Data section:
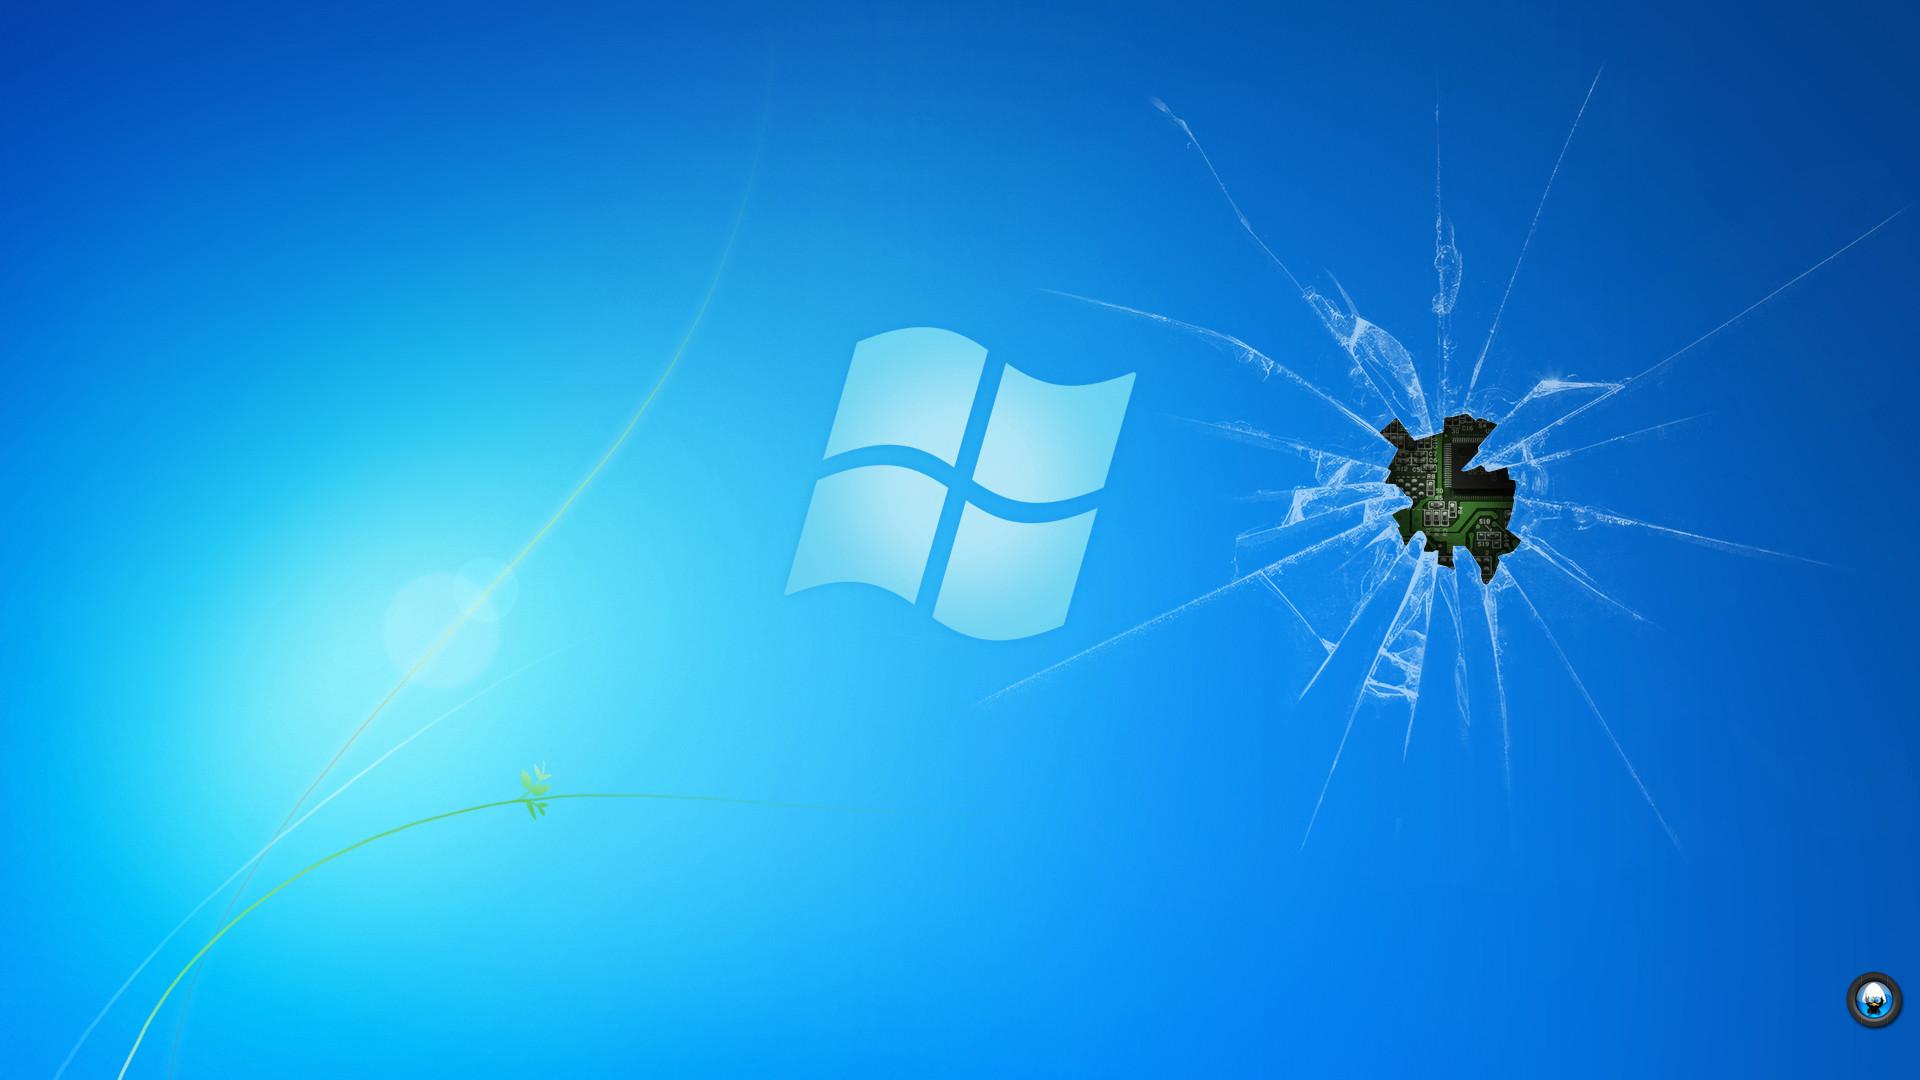 Creeper Broken Screen: Cracked Computer Wallpaper (72+ Images
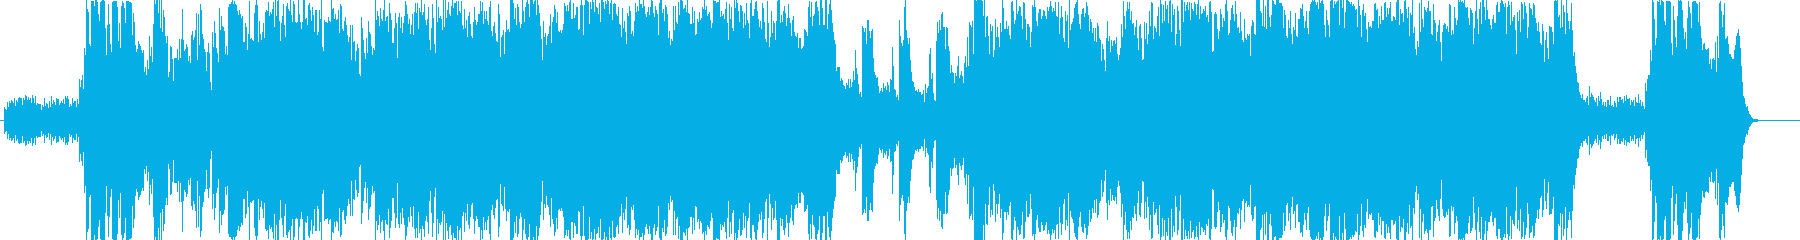 RPGのダンジョンBGMの再生済みの波形
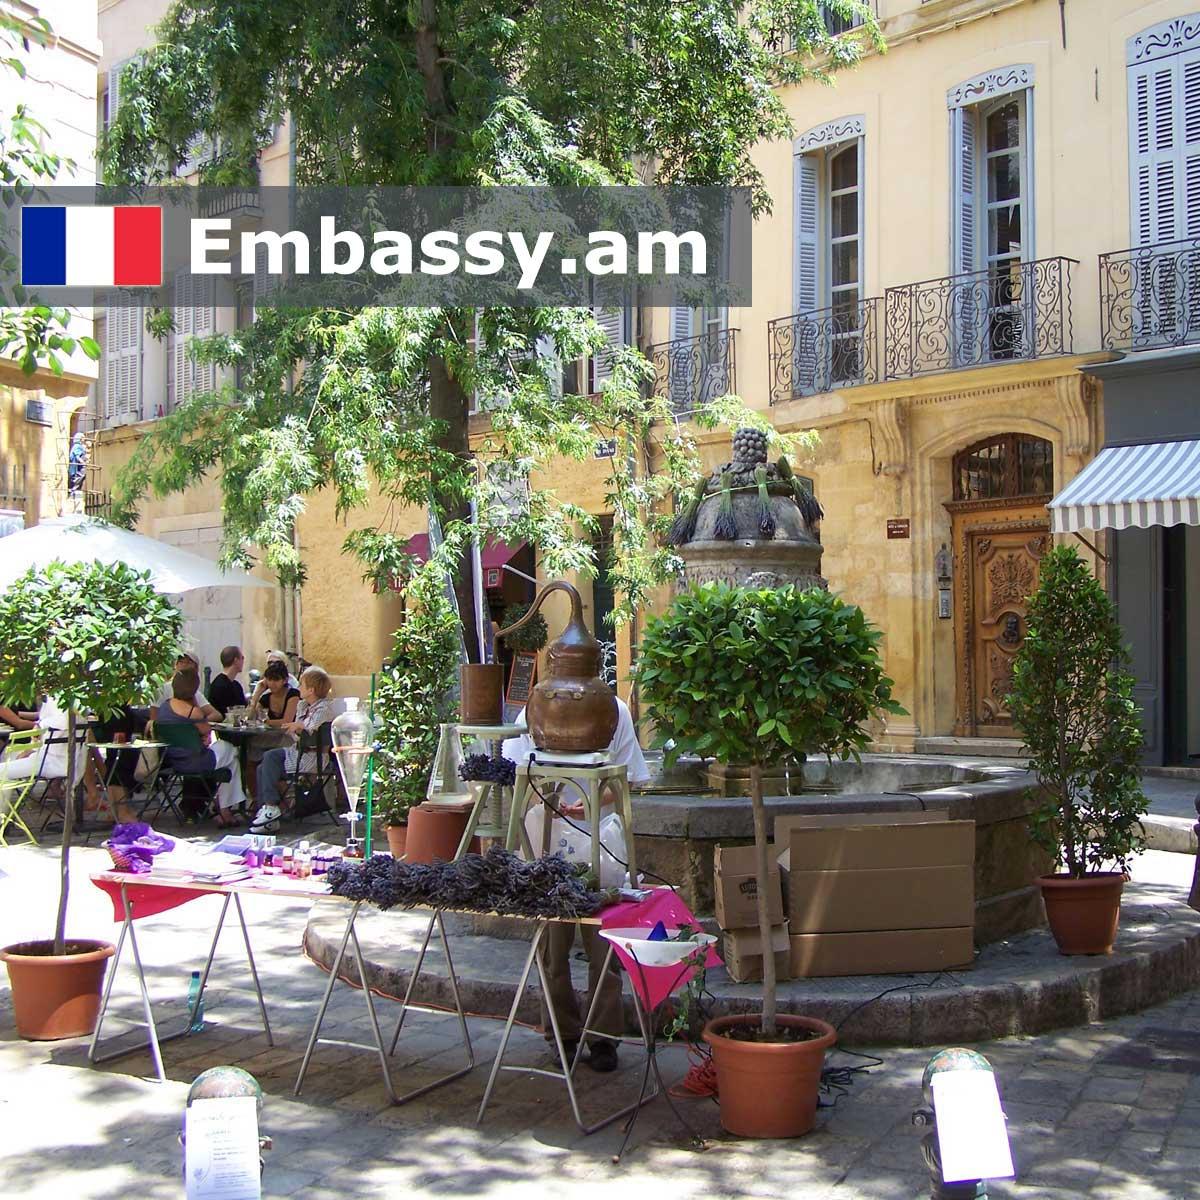 Экс-ан-Прованс - Отели во Франции - Embassy.am

Task requirements: The listing should be transcribed exactly. No picture is to appear in the transcription.

Finished task:
 Creeper Broken Screen: Cracked Computer Wallpaper (72+ Images
 RPGのダンジョンBGMの再生済みの波形
 Экс-ан-Прованс - Отели во Франции - Embassy.am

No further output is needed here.